# Monitor geht ständig aus und an



## Martin0013 (18. Januar 2019)

*Monitor geht ständig aus und an*

Hallo.

Habe das Problem, dass mein zweiter Monitor ständig aus und dann wieder angeht, bzw. das Bildsignal weg ist. Meistens habe ich um die zwei Sekunden einen Blacksreen, danach kommt das Bild wieder um die 5 - 10 Sekunden, danach wieder schwarz...

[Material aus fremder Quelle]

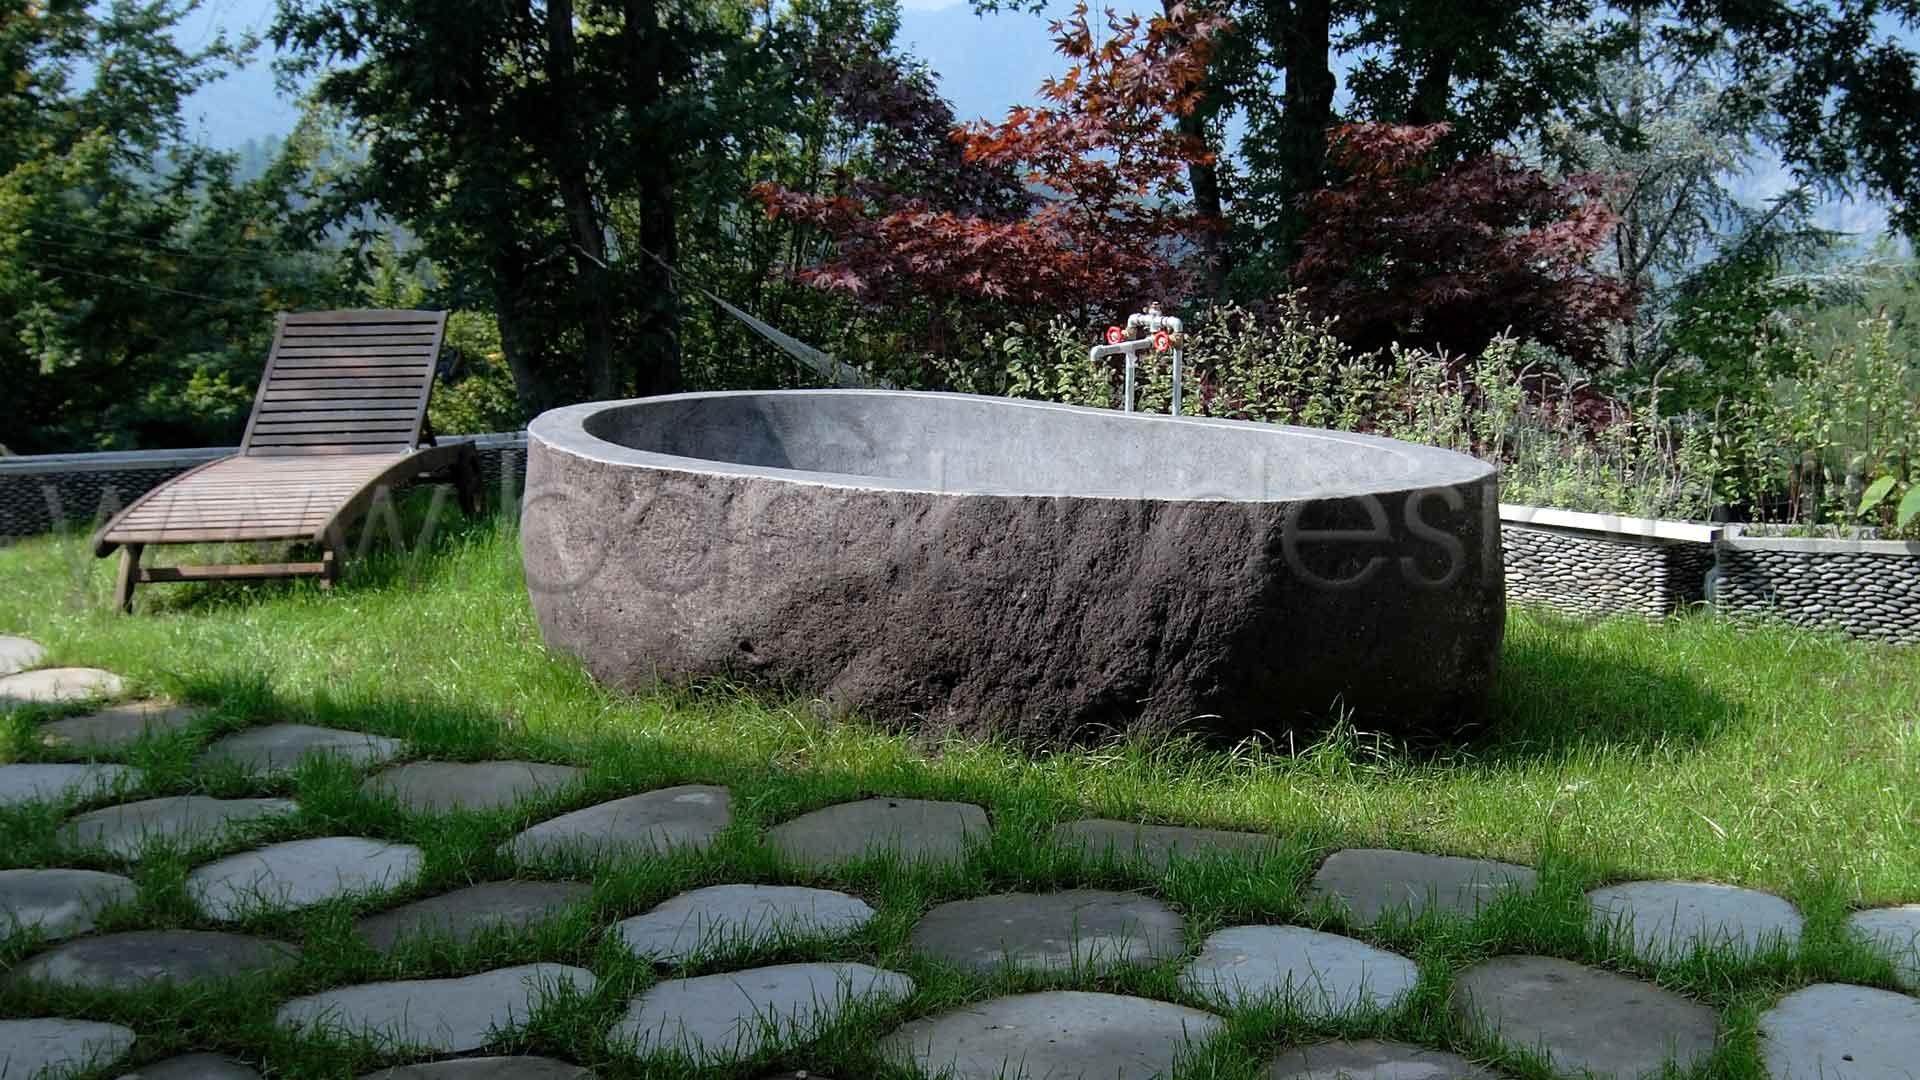 Vendita Vasche Da Bagno Milano.Vasca Da Bagno In Pietra Riverstone 240x130 H65 Cm Bambu

Bis jetzt hat auch alles einwandfrei funktioniert, das Problem ist gestern aufgetreten obwohl ich rein gar nichts am System geändert habe, umgesteckt habe oder neue Software installiert hätte. Habe den PC nun schon mehrere male neu gestartet - manchmal tritt das Problem nur einmal auf wenn der Desktop das erste mal erscheint, manchmal geht es sofort los mit unregelmäßigen Abständen, aber es passiert immer wenn ich ein Spiel starte, dass er relativ regelmäßig aus und an geht und dies bleibt auch dann wenn ich das Spiel schließe.
Das Kabel oder der Ausgang ist es nicht, da ich diese schon variiert habe und auch der Monitor funktioniert einwandfrei, wenn ich ihn an meinen Laptop anschließe. Grafikkartentreiber sind ebenfalls auf dem neuesten Stand.

Jetzt bin ich etwas ratlos was es sein könnte und hoffe das mir hier jemand weiter helfen kann.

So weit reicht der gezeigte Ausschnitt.